[comp.lang.functional] concrete syntax

acha@CS.CMU.EDU (Anurag Acharya) (01/23/91)

It seems that in focussing on abstract syntax, folks designing lazy functional
programming languages like Miranda and Haskell have pretty much ignored 
concrete syntax. I have heard the comment - "who cares about concrete syntax ?
parsing is a problem of the 60s and 70s." Personally, I think that this is
a rather callous approach since it pays little or no attention to the 
usability of the language. Attitudes like this result in anachronisms like
the "off-side rule"  and white-space significance hanging around long
after the rest of the world has gone on.

Great deal of attention has been paid to ensuring that the semantics of these 
languages is rigorously specified and "clean". I would expect that a fraction
of this rigor and cleanliness would carry over to the specification of syntax.
....


anurag

jgk@osc.COM (Joe Keane) (01/24/91)

I think the people arguing for significant use of whitespace have good
intentions, but they're a little misguided.  Basically i think they're solving
a problem that doesn't exist.

In C the syntax of statements and blocks is so simple, i can state it in less
than a line: a statement ends with `;', and `{' and `}' delimit blocks.  I've
been using C for a long time and i have a number of gripes about the language,
but this is not one of them.  The syntax is simple and easy to use.

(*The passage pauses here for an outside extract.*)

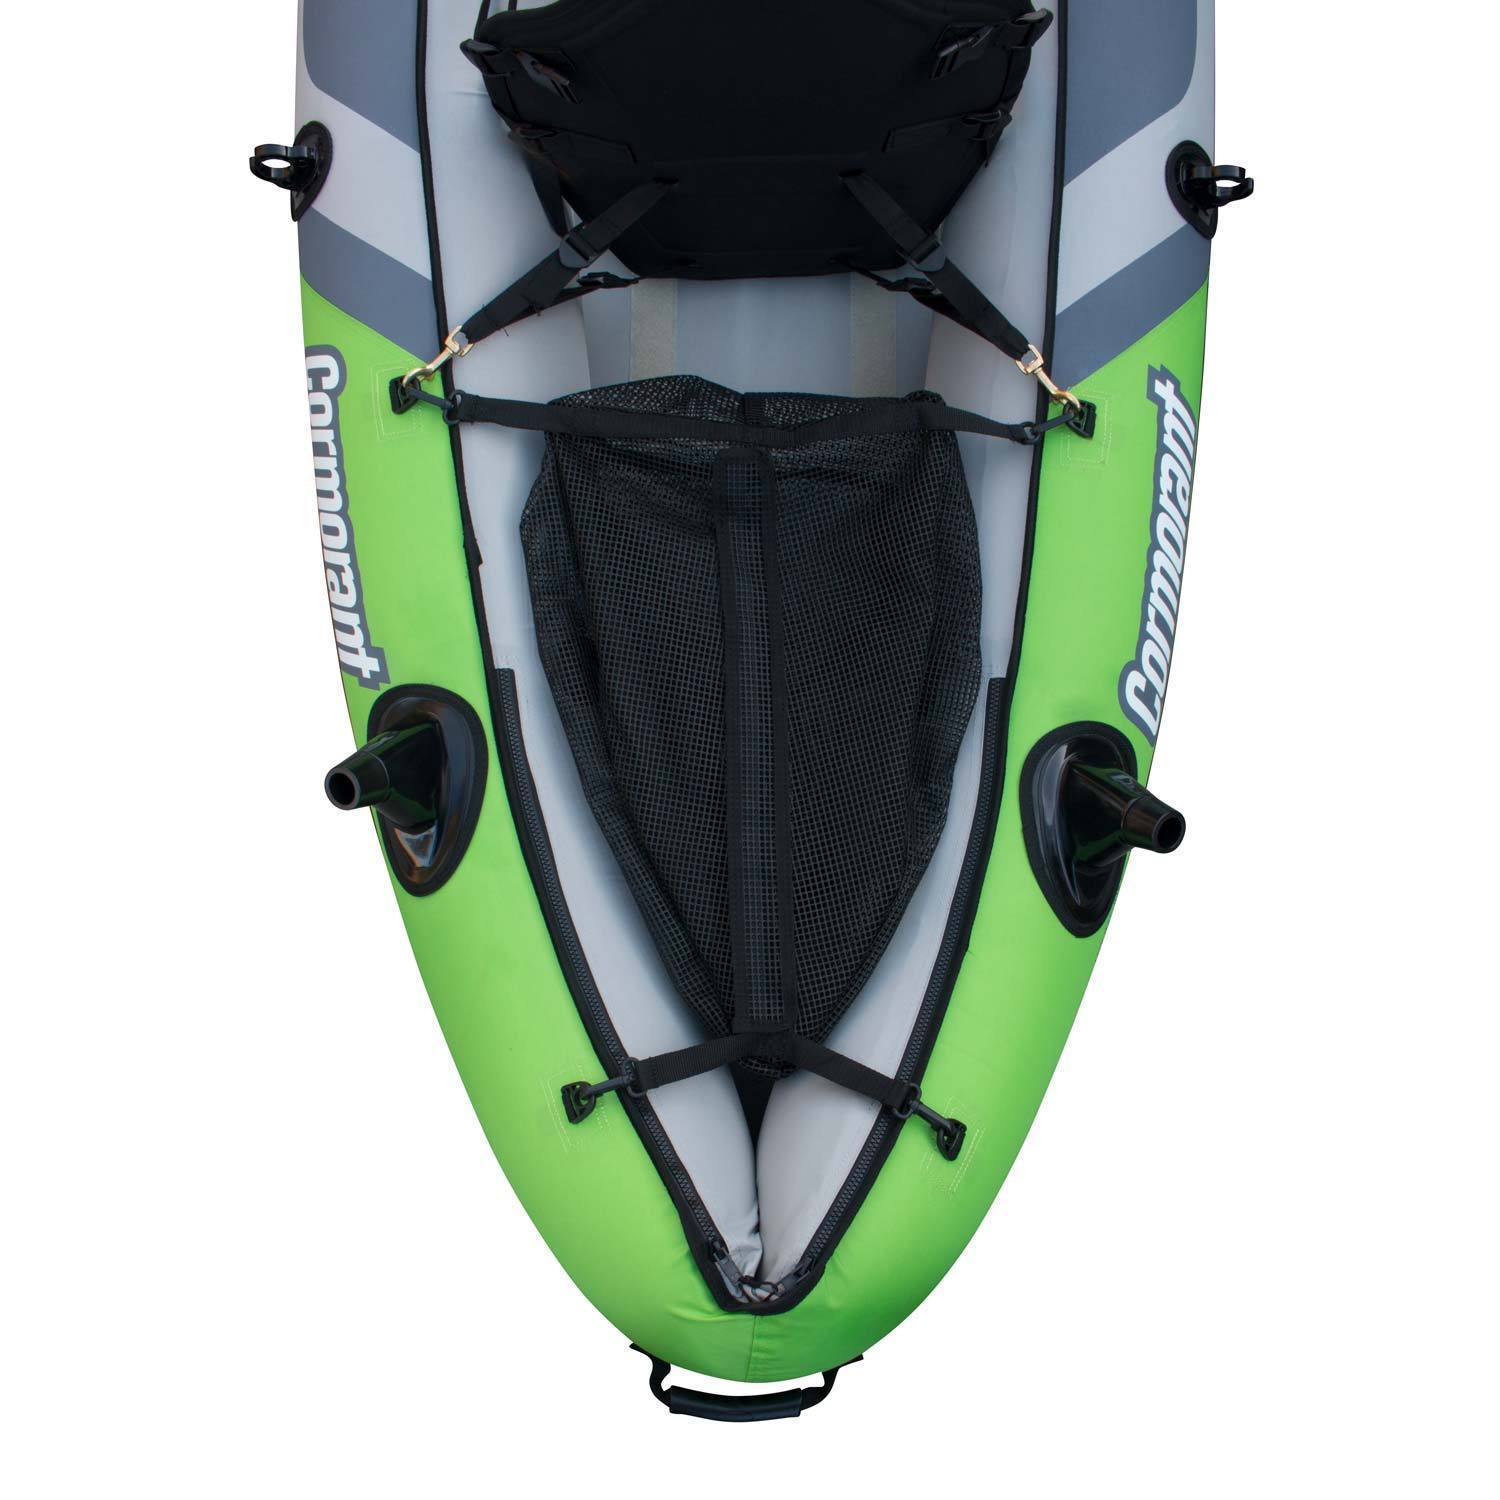 Elkton Outdoors Comorant 2 Person Kayak, 10 Foot Inflatable Fishing Kayak, Full Kit! - image 11 of 11

Because of the simple syntax, editing C code is easy.  You can cut and paste
arbitrary blocks, without having to adjust the indentation if you don't feel
like it.  A neat property is that you can hit M-q (fill-paragraph) in Emacs,
and the code may become very hard to read but it still works fine.

In English the rule is simple: sentences end in `.' and questions end in `?'.
You could propose a scheme where periods are optional at the end of a line,
and add some way to indicate that a sentence continues to the next line.  But
if someone did this, people would laugh at him.  Why fix what isn't broken?

Also there is the issue of readability.  Some people claim that the form
without a semicolon `looks better'.  This is clearly a matter of taste, and it
probably depends on whether you're used to reading pseudo-code or C code.  I
actually like the other form better.  If you use a normal indenting style,
it's true that the semicolon is redundant, but a little redundancy can make it
easier to read.

In FLs we have a number of schemes which make use of whitespace.  But what do
you gain from this?  What it comes down to is that you can avoid typing a
semicolon or braces in some cases.  But these schemes are more complicated
than those they replace.  Some languages say that you can use a semicolon to
separate statements, but that it's optional in certain cases depending on
surrounding whitespace.  By the time you have rules like this, the elegance
has been lost, and you have to wonder if it wouldn't be easier to just always
put the semicolon.

S.Clayman@cs.ucl.ac.uk (01/26/91)

I have just read about 20 messages concerning off-side rules,
white space having meaning etc...

Firstly I would like to know how many of the people doing
the criticism have actually USED a language with off-side rules.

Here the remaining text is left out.